▸ **What you are asked to do**: Output everything in the data exactly, leaving the pictures out.

▸ **Data provided**:
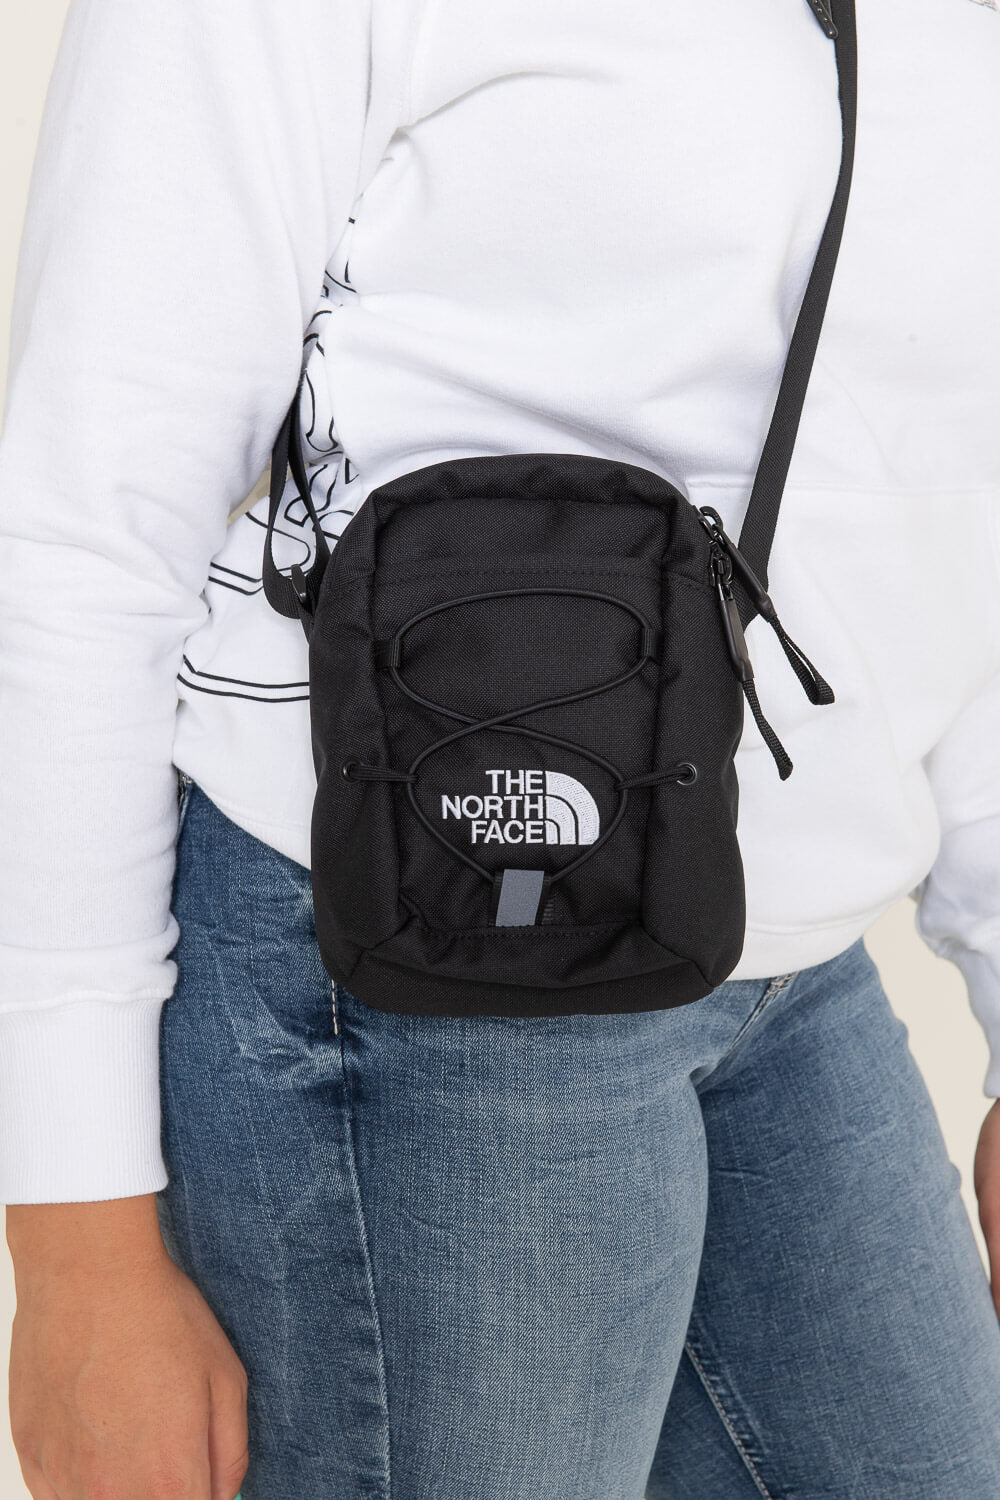 The North Face Messenger Bag Carry On
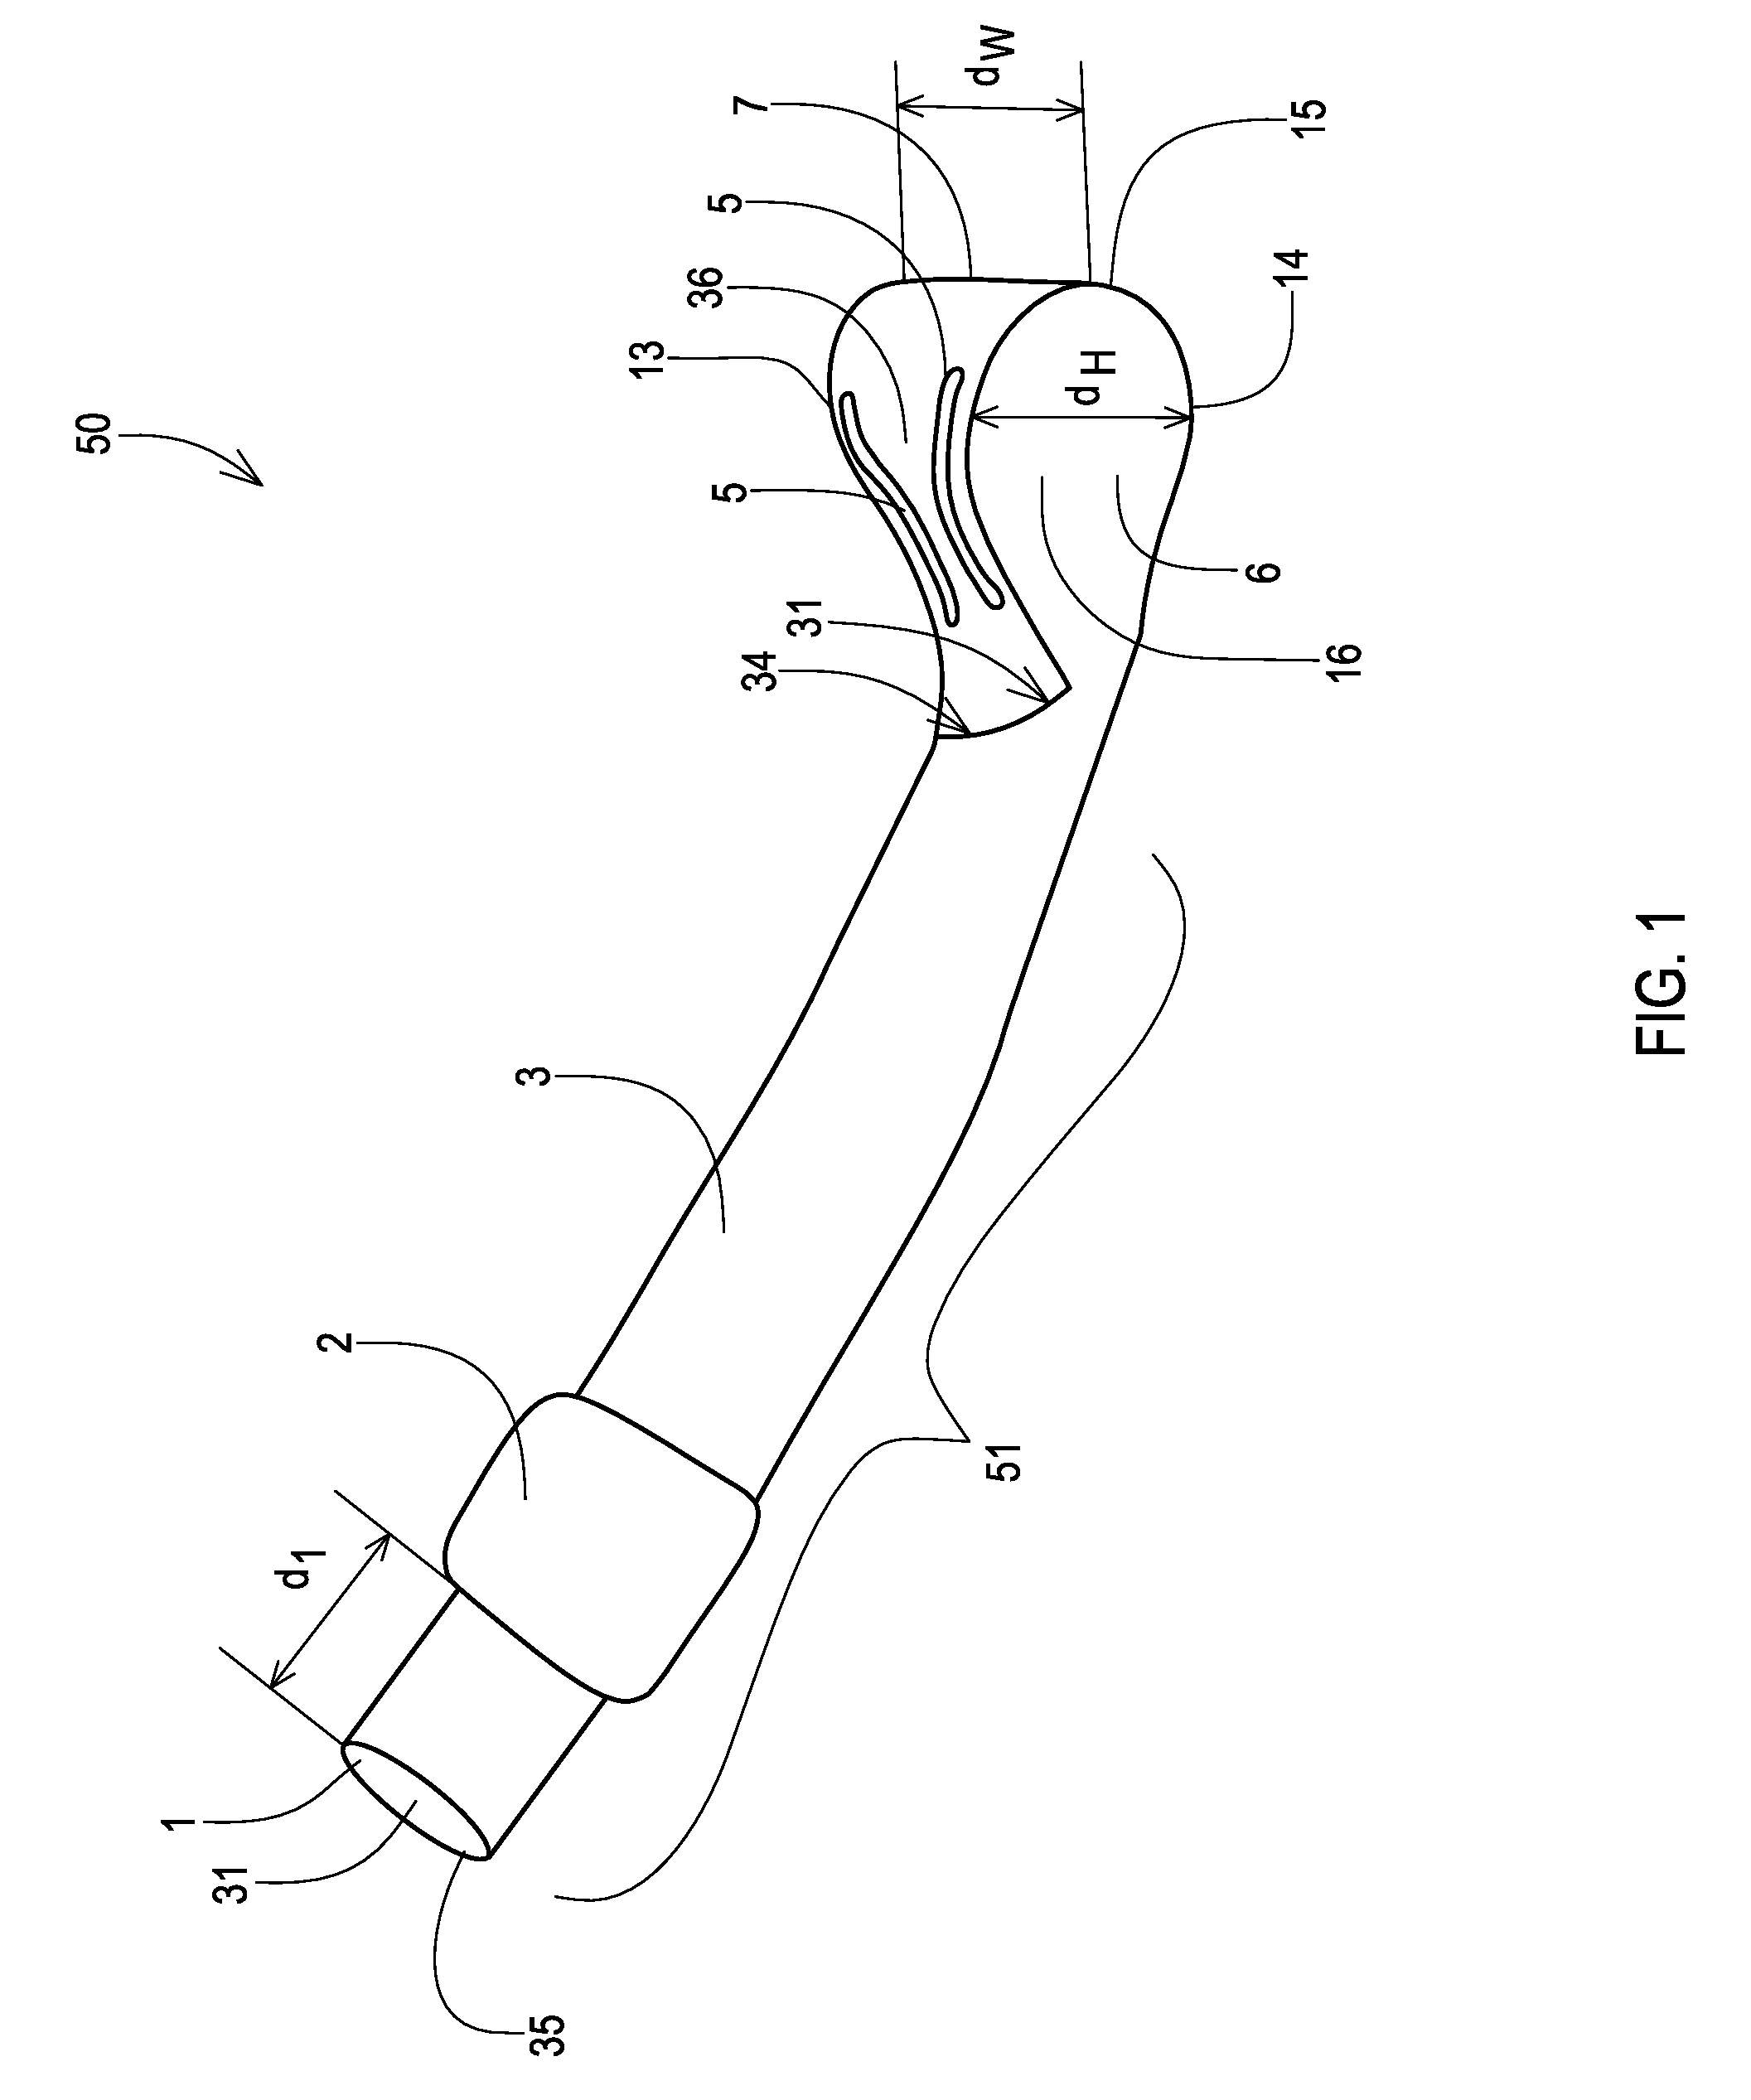 Airway Devices, Tube Securing Devices, and Methods of Making and Using the Same
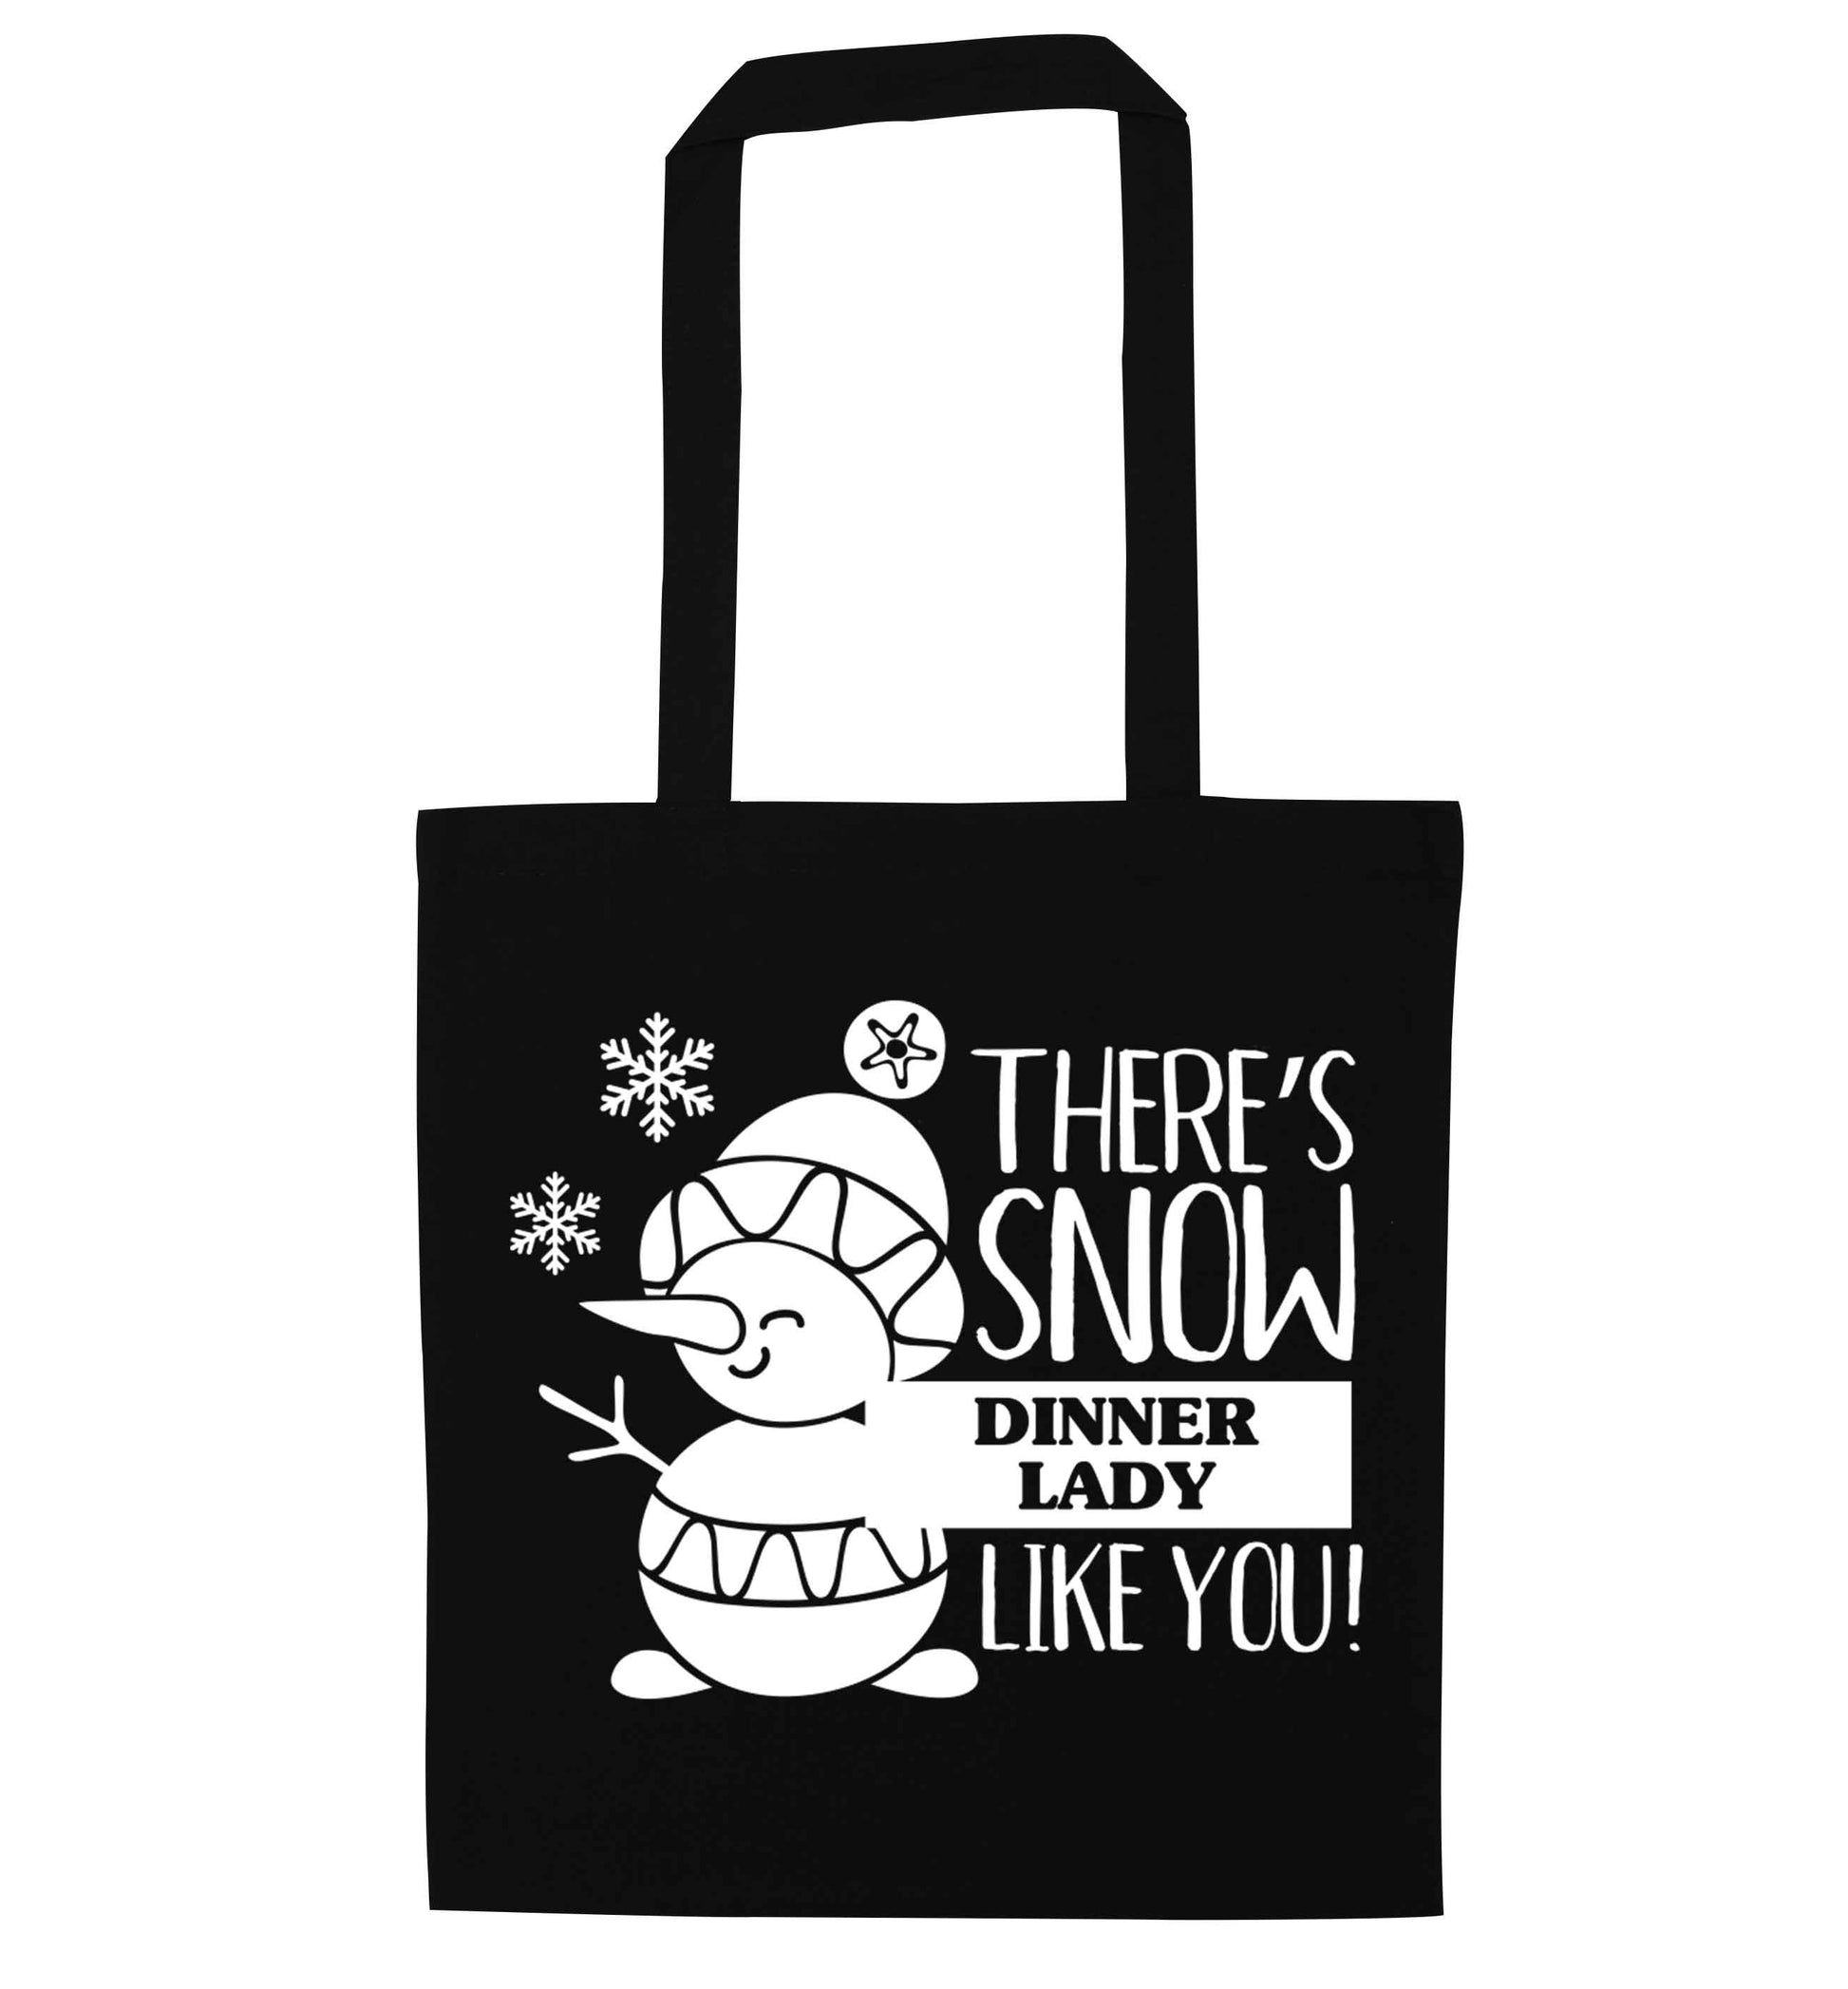 There's snow dinner lady like you black tote bag

▸ **Response**:
 The North Face Messenger Bag Carry On
 Airway Devices, Tube Securing Devices, and Methods of Making and Using the Same
 There's snow dinner lady like you black tote bag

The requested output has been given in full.